Die Wissenschaft geht davon aus, dass die Beziehungsform der Polyamorie, die natürliche des Homo Sapiens sein könnte. Bei der Argumentation wird sich jedoch nur auf Indizien gestützt, da keine stichfesten Beweise aus der vorzivilisatorischen Zeit existieren. In was für Beziehungen die Jäger*Innen und Sammler*Innen der grauen Vorzeit tatsächlich lebten, kann niemand mit Gewissheit sagen. Sicher ist nur: Seitdem die Menschen in Zivilisationen zusammenleben, hat sich vor allem in der christlichen Welt die Monogamie durchgesetzt.
Warum leben wir monogam?
Die Wissenschaft vermutet dafür vorrangig zwei Gründe: Erstens könnten durch eine monogame Lebensweise Infektionskrankheiten eingedämmt worden sein. Zweitens ist die Monogamie so etwas wie ein frühzeitlicher Vaterschaftstest. Wenn meine Frau mit keinem anderen Mann Geschlechtsverkehr hat, dann sind ihre Kinder ziemlich sicher von mir. Und diesen Kindern kann ich dann ohne schlechtes Gewissen mein Land vermachen. Die Zivilisation beförderte also monogame Lebensformen. Und die moderne Gesellschaft wendet sich jetzt wieder von diesen ab?
Die Statistiken sprechen eine andere Sprache. Zwar heiraten heutzutage wesentlich weniger Menschen in Deutschland als noch im Jahr 1950 (damals knapp 750.000). Aber es werden immer noch mehr als 400.000 Ehen pro Jahr geschlossen – Tendenz gleichbleibend. Und auch die Anzahl der Scheidungen nimmt nicht weiter zu. Sie ist zwar mit ungefähr 150.000 pro Jahr unverändert hoch, aber deutlich unter dem Allzeithöchstwert von über 210.000 im Jahr 2003.
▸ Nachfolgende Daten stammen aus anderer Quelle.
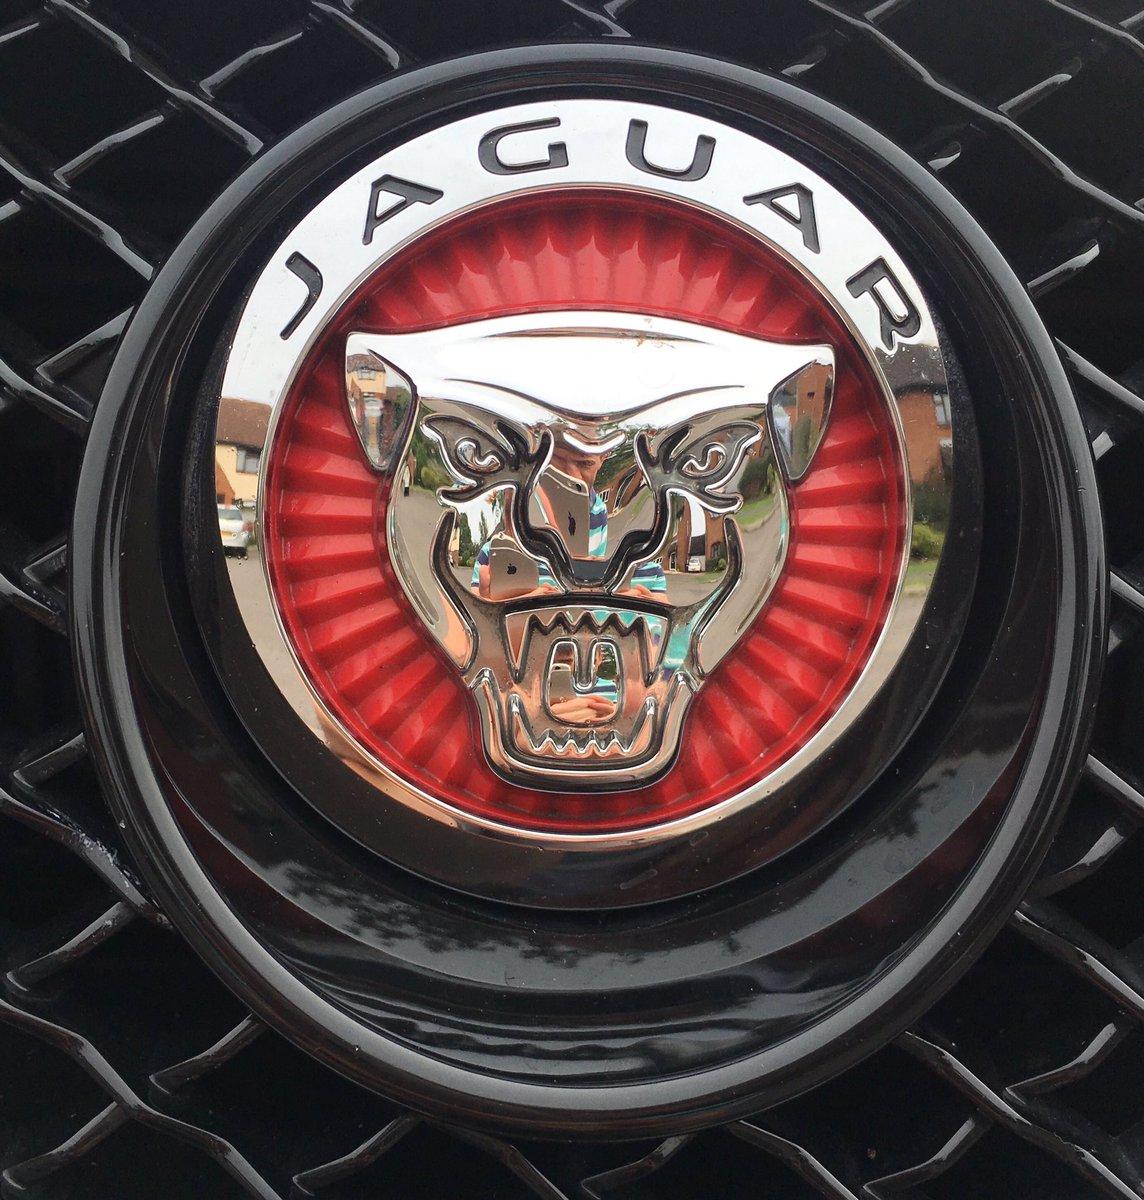 Db Wedding Cars On Twitter Growler Https T Co Wc8wkeytsj Secret Thewhitewed Jaguar Wiltshire Royalwoottonbett Swindon

Mehr Statistiken finden Sie bei Statista
Im Durchschnitt halten die Ehen auch zwei Jahre länger als noch zu Beginn des Jahrtausends. Anscheinend überlegen es sich die Deutschen heute sehr genau, bevor sie heiraten. Denn sie heiraten deutlich später als früher, Frauen mit 32 und Männer mit 34 Jahren. Und das alles passiert, obwohl die Anzahl der Kirchenmitglieder weiter stetig abnimmt. Für deutsche Paare hat eine Hochzeit offensichtlich wenig mit Religion zu tun.
Die Zukunft der Monogamie
Doch gleichzeitig zeigen diese Statistiken, dass die Monogamie nicht vollumfänglich gelebt wird. Wenn mehr als ein Drittel der Ehen nach 15 Jahren wieder auseinandergehen, kann nicht die Rede von einer „lebenslangen exklusiven Fortpflanzungsgemeinschaft“ sein. Und auch die Eheleute, die sich nicht scheiden lassen, sind vermutlich vorher in anderen Beziehungen gewesen. Die in Deutschland vorherrschende Beziehungsform ist also eher eine Monogamie auf Zeit.
Ob diese zeitlich begrenzte monogame Beziehung in einer Ehe stattfindet oder wie bei Audrey und Jeremy, ohne sich das Ja-Wort zu geben, entscheidet jedes Paar für sich. Das Auslaufmodell Ehe erfreut sich jedenfalls nach wie vor einiger Beliebtheit. Und eines ist deutlich: Ein Ende der Monogamie ist aktuell nicht abzusehen.